4. Bersamanya

10 1 0
                                    

"Jangan pulang dulu," pinta Rey tiba-tiba.

Retta yang tengah membereskan buku-buku di atas meja menoleh. Mereka berdua sudah selesai dengan tugas kelompok. Retta yang memang berniat langsung pulang ke rumah, ditahan oleh Rey. Laki-laki ini mau mengajaknya kemana?

"Ajak gue jalan-jalan. Gue pengen tau Bandung." Rey menjawab meskipun Retta tidak bertanya.

"Lo ga pernah ke Bandung?"

Rey menggeleng. "Selama ini, gue tinggal di Bali."

Pernyataan tersebut mampu membuat Retta menelan harapannya beberapa menit lalu. Atau bahkan beberapa hari lalu. Mungkin Rey  memang bukan teman lamanya.

"Yaudah ayo."

☁️☁️☁️

Rey kagum dengan apa yang ada di ruangan ini. Retta memilih mengajaknya ke sebuah museum seni. Letaknya agak jauh dari cafe yang mereka tempati untuk mengerjakan tugas tadi.

Mereka berdua berjalan beriringan. Melihat-lihat lukisan-lukisan yang sangat indah. Tak sedikit orang yang mengambil gambar. Mereka tidak ingin menyia-nyiakannya. Harus diabadikan!

Sambil berjalan, Rey meminum segelas es yang sempat ia beli di jalan. Retta sudah ia tawarkan. Tapi gadis itu menolak.

"Lo gamau foto?"

Retta menggeleng samar.

"Cewek biasanya suka minta foto kalo ketemu tempat bagus," Rey berujar. Dirinya merasa aneh dengan Retta yang hanya diam melihat-lihat, tidak ingin difoto.

"Gue bukan cewek biasanya," balas Retta pelan.

"Sorry ya, gue cuma bisa ajak lo kesini." ucap Retta kemudian menatap Rey tepat di mata. Sedangkan Rey hanya mengangguk-anggukkan kepalanya.

"Gue suka kok."

Retta tidak tau lagi harus membawa laki-laki ini jalan kemana. Jujur saja ia sedikit bingung saat Rey memintanya mencarikan tempat untuk refreshing. Karena sejatinya ia adalah-- ehm anak rumahan.

Kedua orang tuanya memang tidak melarangnya untuk keluar rumah. Hanya saja, jika ia keluar, ia mau kemana dan ngapain? Orang-orang jelas tau bahwa ia tidak punya teman. Sekalipun ia keluar itu pun hanya saat-saat genting sama seperti saat ini. Juga kadang ada dua tempat yang ia sering kunjungi di kala bosan di rumah. Salah satunya cafe tadi.

Mungkin terhitung hampir dua jam mereka jalan-jalan mengelilingi museum. Sampai tak terasa bahwa hari sudah hampir gelap. Sepanjang waktu itu lah mereka tidak banyak mengobrol. Mereka berdua adalah dua orang yang sama pendiamnya.
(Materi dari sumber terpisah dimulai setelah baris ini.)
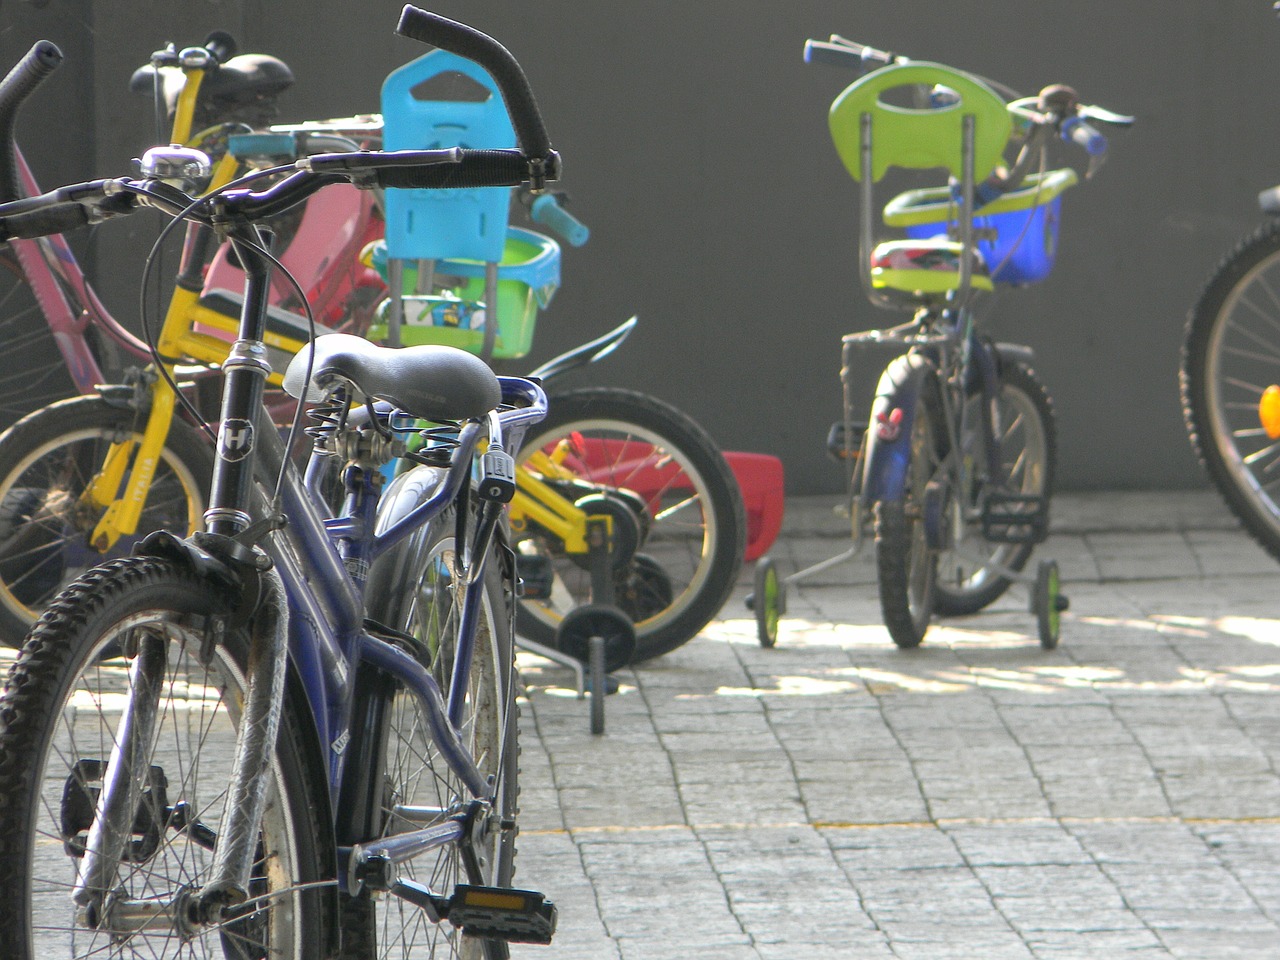 Dečja sedišta za bicikl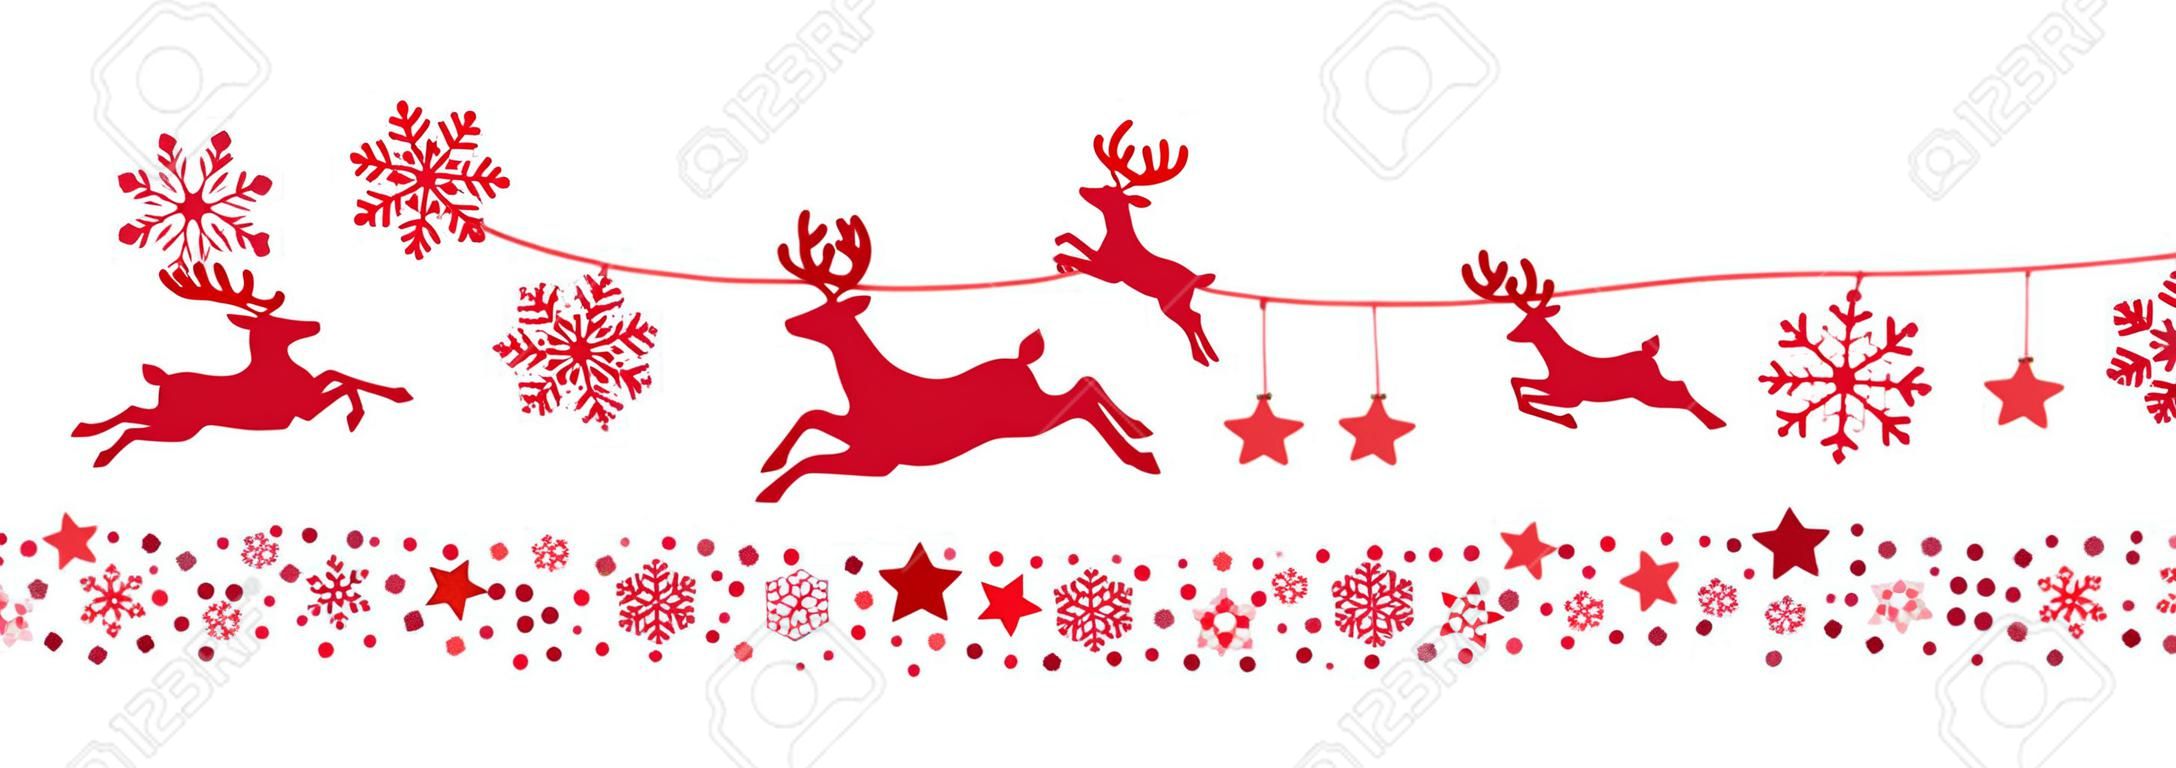 Санта санях оленей летающих снежинки красный силуэт

Agak susah--- tidak, tapi sangat susah untuk menemukan topik pembicaraan.

"Makan, Ta?" Rey bertanya pada Retta.

Kini keduanya menyusuri pinggir jalan. Banyak pedagang kaki lima disini. Juga ada beberapa warteg. Udara malam sangat dingin. Membuat Rey memberikan jaketnya pada Retta.

"Masih kenyang gue," balas Retta.

Rey memandangi makanan-makanan serta minuman yang dijual. Ada sosis bakar, roti bakar, es krim, minuman boba dan masih banyak lagi.

"Bang beli," Rey berhenti pada penjual sosis bakar. Setelah menyebutkan mau berapa ia mengeluarkan uang di dompetnya untuk membayar.

Retta hanya diam di belakang Rey. Ia ikuti saja laki-laki ini. Sembari menunggu sosis Rey selesai dibakar ia pun melihat-lihat sekitar.

Gadis kuncir kuda itu berjalan menuju stan minuman. Tenggorokan nya terasa kering lama-lama.

Beberapa saat kemudian, Rey datang di sebelahnya dengan tangan yang sudah memegang sosis bakar. Harum menyeruak ke hidung kala sosis bakar itu hendak dimakan Rey.